President Donald Trump said Thursday that he’s leaving the solution to the shutdown in the hands of Senate Majority Leader Mitch McConnell, R-Ky., and Senate Minority Leader Chuck Schumer, D-N.Y.
“If they come to a reasonable agreement I would support it,” the president said. But, Trump said, “I have other alternatives.”
Trump spoke from the White House shortly after the Senate failed to pass two bills, one from Republicans and the other from Democrats, that would have reopened the government. McConnell and Schumer met behind closed doors on Thursday afternoon regarding a three-week continuing resolution that would give lawmakers time to hash out a compromise on border security, Sen. Lindsey Graham, R-S.C., said on the Senate floor.
In a statement about the meeting, White House Press Secretary Sarah Sanders said that “the 3 week CR would only work if there is a large down payment on the wall.”
Though both bills were expected to fail on Thursday, there was a feeling among lawmakers that the efforts represented an opening for compromise. It marked the first votes the Senate has taken to reopen the government since the shutdown began on Dec. 22.
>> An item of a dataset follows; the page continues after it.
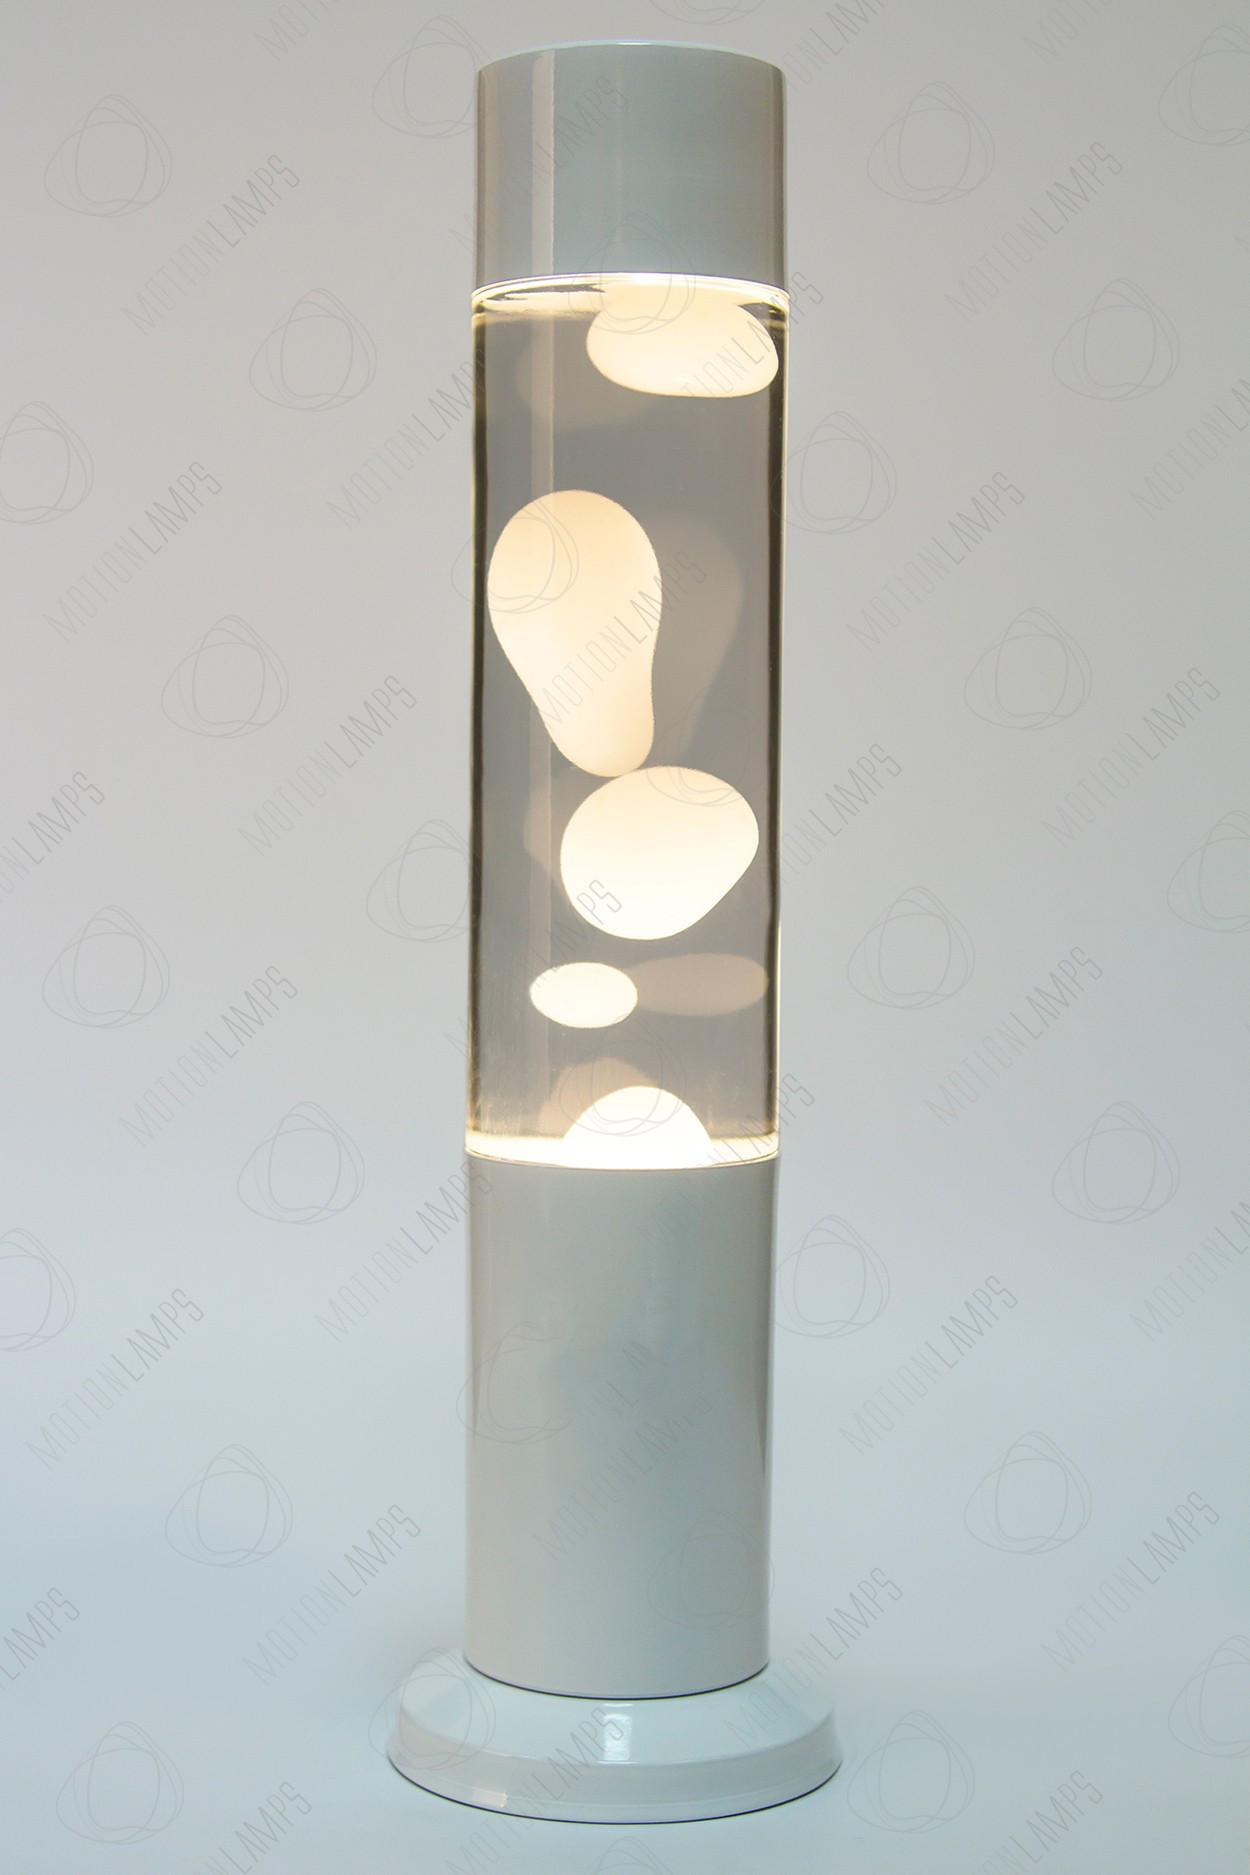 Лава-лампа 38см  Белая/Прозрачная (Воск)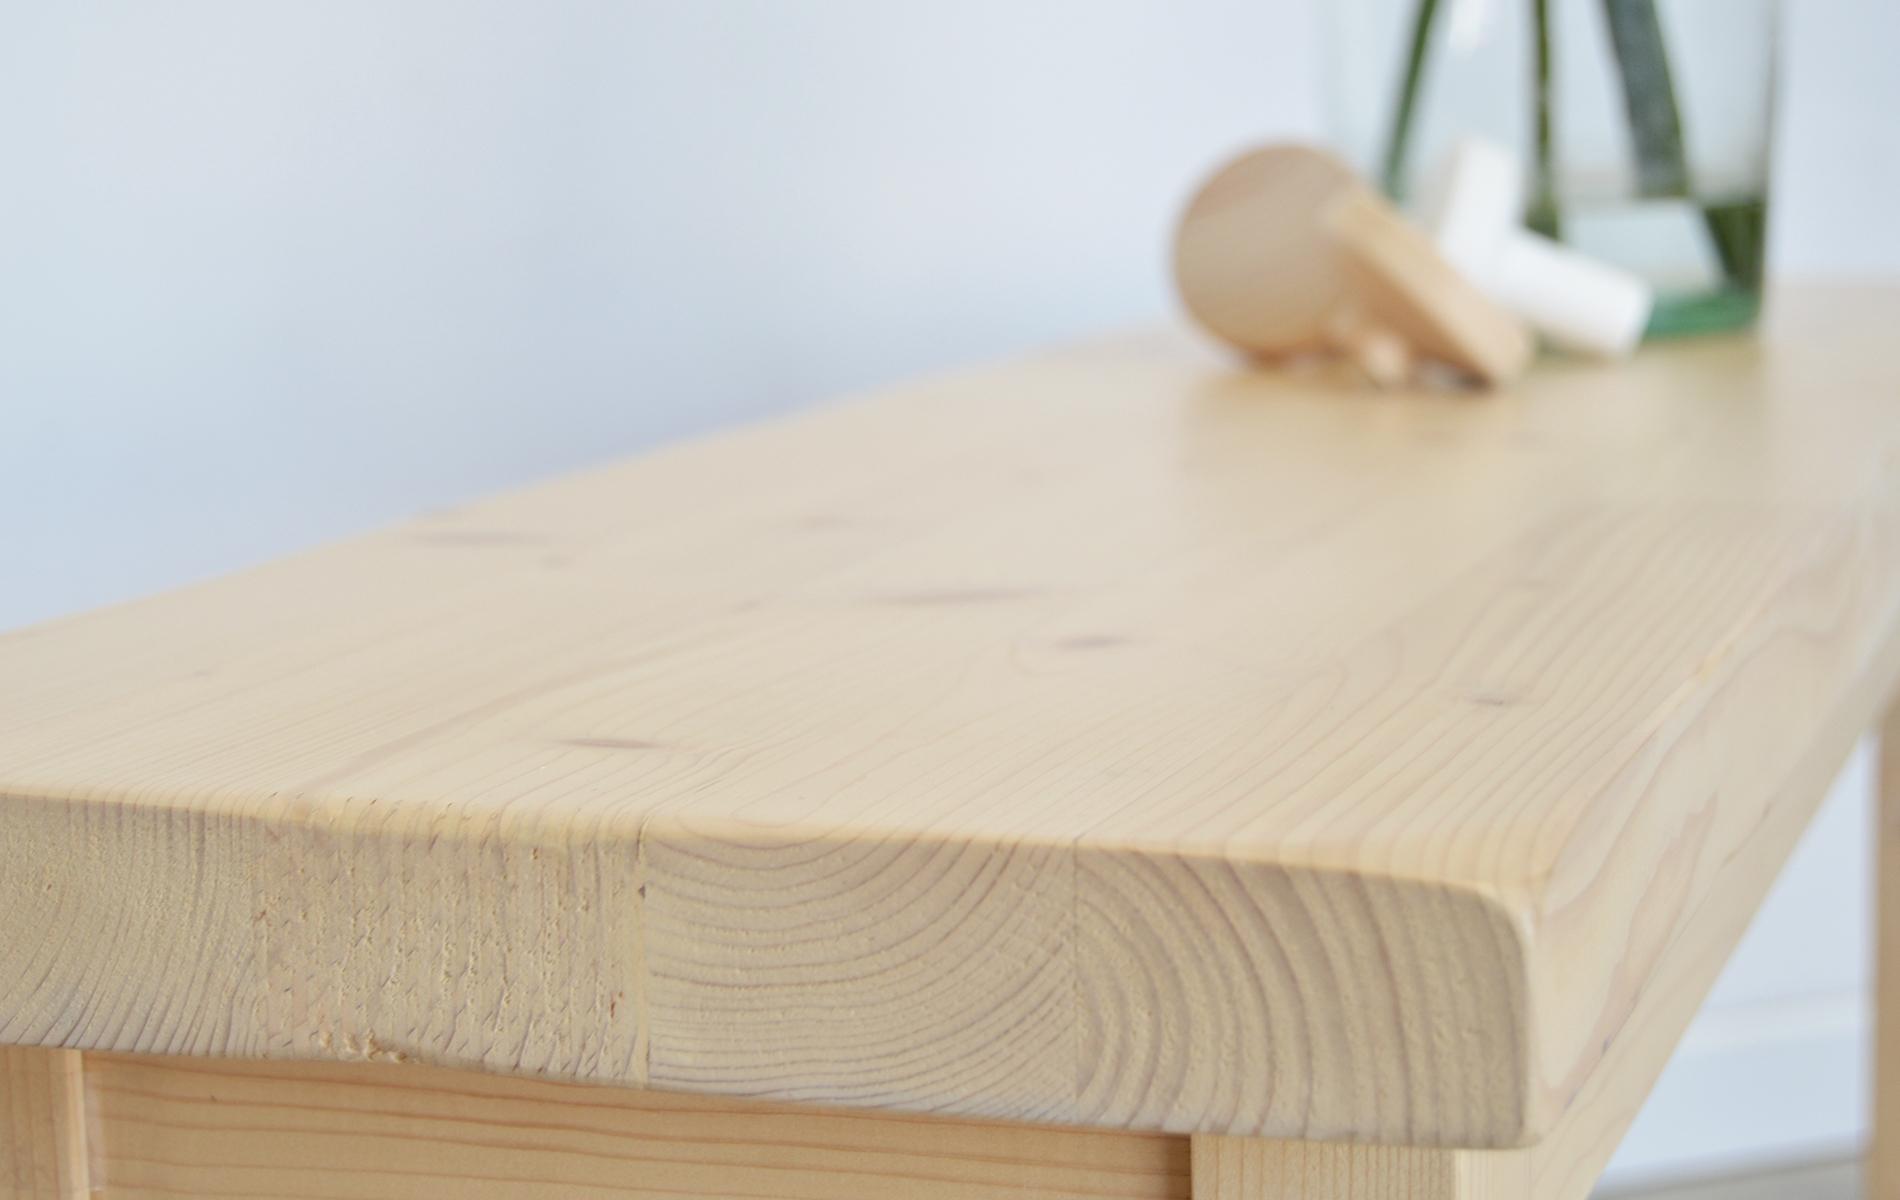 detalle tapa banco madera

The Democratic measure, which would have reopened federal agencies until Feb. 8 but provided no funding for a border wall, was defeated in a 52-44 vote on Thursday. The Republican spending measure, which was proposed by President Donald Trump and included $5.7 billion for his border wall in exchange for temporary protections for so-called Dreamers brought illegally to the country as children, also fell short of the 60-vote threshold required for passage, 50-47.
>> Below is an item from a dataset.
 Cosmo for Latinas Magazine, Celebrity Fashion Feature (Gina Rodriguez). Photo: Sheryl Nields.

Six Republican senators — Lamar Alexander of Tennessee, Susan Collins of Maine, Johnny Isakson of Georgia, Lisa Murkowski of Alaska, Cory Gardner of Colorado, and Mitt Romney of Utah — joined Democrats in favor of their proposal to break the 34-day shutdown stalemate.
After both proposals failed, Graham took to the Senate floor to declare that he “just spoke to the president” and told him that 16 senators are discussing passing a three-week continuing resolution (CR) to fund the government in order to give them time to hash out a compromise on border security.
Graham said the president indicated some things he would want in order to support a stopgap spending measure, but he would not declare what those concessions are. He added that McConnell and Schumer discussed Trump’s pitch.
The 16 senators — nine Republicans and seven Democrats — are expected to stay in town through the weekend and hammer out a proposal that they hope can get at least 60 votes.
Meanwhile, House Democrats are expected to unveil a funding counter-offer to Trump and congressional Republicans on Friday that would “meet or exceed” $5.7 billion for border security, but provide no money for a physical wall, House Homeland Security Committee Chairman Bennie Thompson, D-Miss., told reporters.
Thompson told reporters that the Democrats’ proposal will offer “no new structures. The only thing we’re talking about is existing structures. Some of them need repairing.”
The money could be used for “technology, manpower, fortifying ports of entry along with the judges and other things,” he added.